Are there coding/naming conventions that make it more likely that when Ecto-using code is given an Animal object, it’s an Animal object with all the right associations preloaded?

My inclination is just to always preload all the Animal's fields. (In my case, I don’t yet have trees with more than two meaningful levels.) I’m curious what other people do.

NobbZ · January 24, 2020, 9:01pm

The convention is to just preload what you actually need.

dimitarvp · January 24, 2020, 9:09pm

I don’t think there could be any conventions. Any additional loads from the DB add to your response time so they should be minimised. Unless I am misunderstanding your question.

xpg · January 24, 2020, 10:03pm

That’s a really interesting question. I don’t have an answer for you, but I can share my situation with you. I am working with a code-base that has around 50 database tables, many of them related to a few central tables.
That has lead to a situation where I have a few models that have large number of associations (even some join_through associations).

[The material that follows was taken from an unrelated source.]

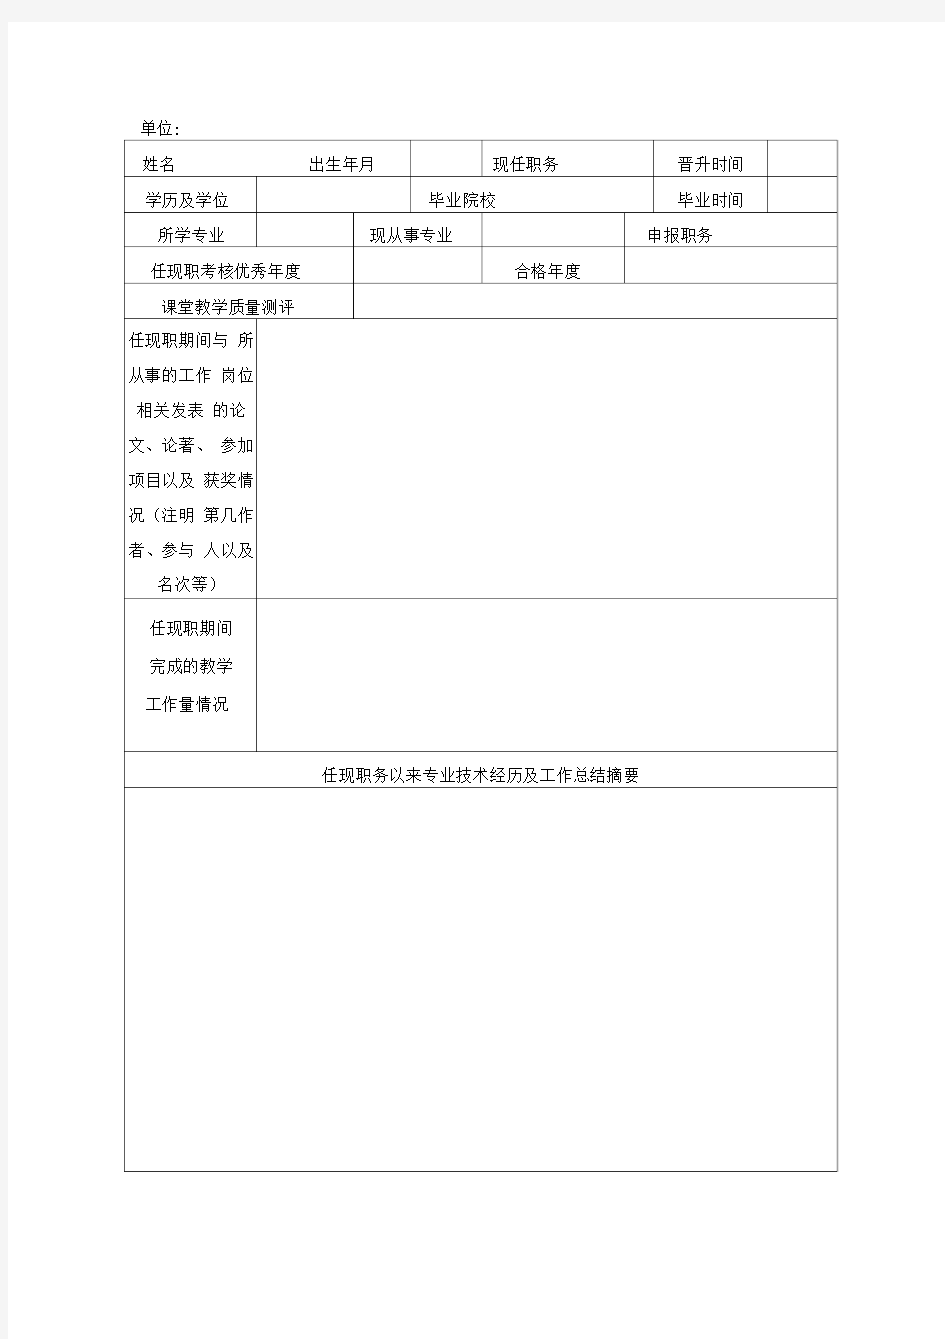 海南大学中初级专业技术资格评审推荐表

To begin with, I tried to use the lazy preload approach, i.e. only preload what I need. It quickly turned out that there were preloads that I always used, so I ended up with a “default_preloads” function for each model. Next, I identified that in many places I preloaded the same associations recursively (i.e. [assoc_A: [sub_assoc_A: [:field, :field]]]), which lead to yet a number of preload functions.
This has become somewhat of a mess, where its difficult to know if preloading for a given associations has been performed or not. The result is that almost each function working on the data starts by preloading what it needs, and often preloads more than it needs. Also, once you start preloading an association, you need to consider how deep do you do the preloading.
When introducing new developers to the code base, they have a difficult time figuring out what is supposed to be preloaded when. That is not a good situation.

The approach I am trying to take now is to identify which associations can really be considered as a required part of the model, and are so often needed that they may as well be loaded from the beginning.
The remaining associations I consider removing from the model, and load using explicit loading functions, and pass along on the side of the model struct. This way it becomes much more clear what data a function needs, and I can avoid having pure-functional functions suddenly needing to perform database reads in order fetch the required data.

Imagine having a blog system, where it is possible to add comments. The comments for each blog post do not really need to be loaded as part of the blog post itself. Of course having them as an association makes it easy to load them when needed. However, once the blog post has 10 more associations it becomes tricky to figure out what is preloaded and what should be preloaded.

I’m not sure that the approach I am trying to take is the right one, but I can see that as our code base (and database structure) has evolved over time, things become difficult to manage.

axelson · January 24, 2020, 10:49pm

I think this makes a lot of sense. It sounds similar to the approach of Domain Driven Design where you define an “Aggregate” which is:

[[Aggregate]] A cluster of associated objects that are treated as a unit for the purpose of data changes. External references are restricted to one member of the AGGREGATE, designated as the root. A set of consistency rules applies within the AGGREGATE’S boundaries.

So for each “Aggregate” that you identify you’d always have the same preloaded data. Yes it won’t always be the absolute most performant (since you might preload data you don’t need), but the maintainability will be much higher.

This is an approach I would like to move to, but since I’m using Absinthe/GraphQL/Dataloader so heavily I am generally not using preloads.

baldwindavid · January 25, 2020, 1:59am

I agree that preloading only what is needed is ideal. Trying to guess what preloads will be needed in different contexts is pretty tough. You can write a different function for every specific case, but potentially end up with a muddled context in doing so.

@marick This seems very related to a discussion we’ve been having about making various queries from the controller… TokenOperator - Dependency-free helper most commonly used for making clean keyword APIs to Phoenix context functions

I had the same questions and issues and ended up writing a plugin that allows for a consistent pattern to deal with it. The documentation of the plugin + the discussion in that thread might be helpful because there is another plugin (written by @mathieuprog) and another pattern I am experimenting with that might also be a fit for your needs.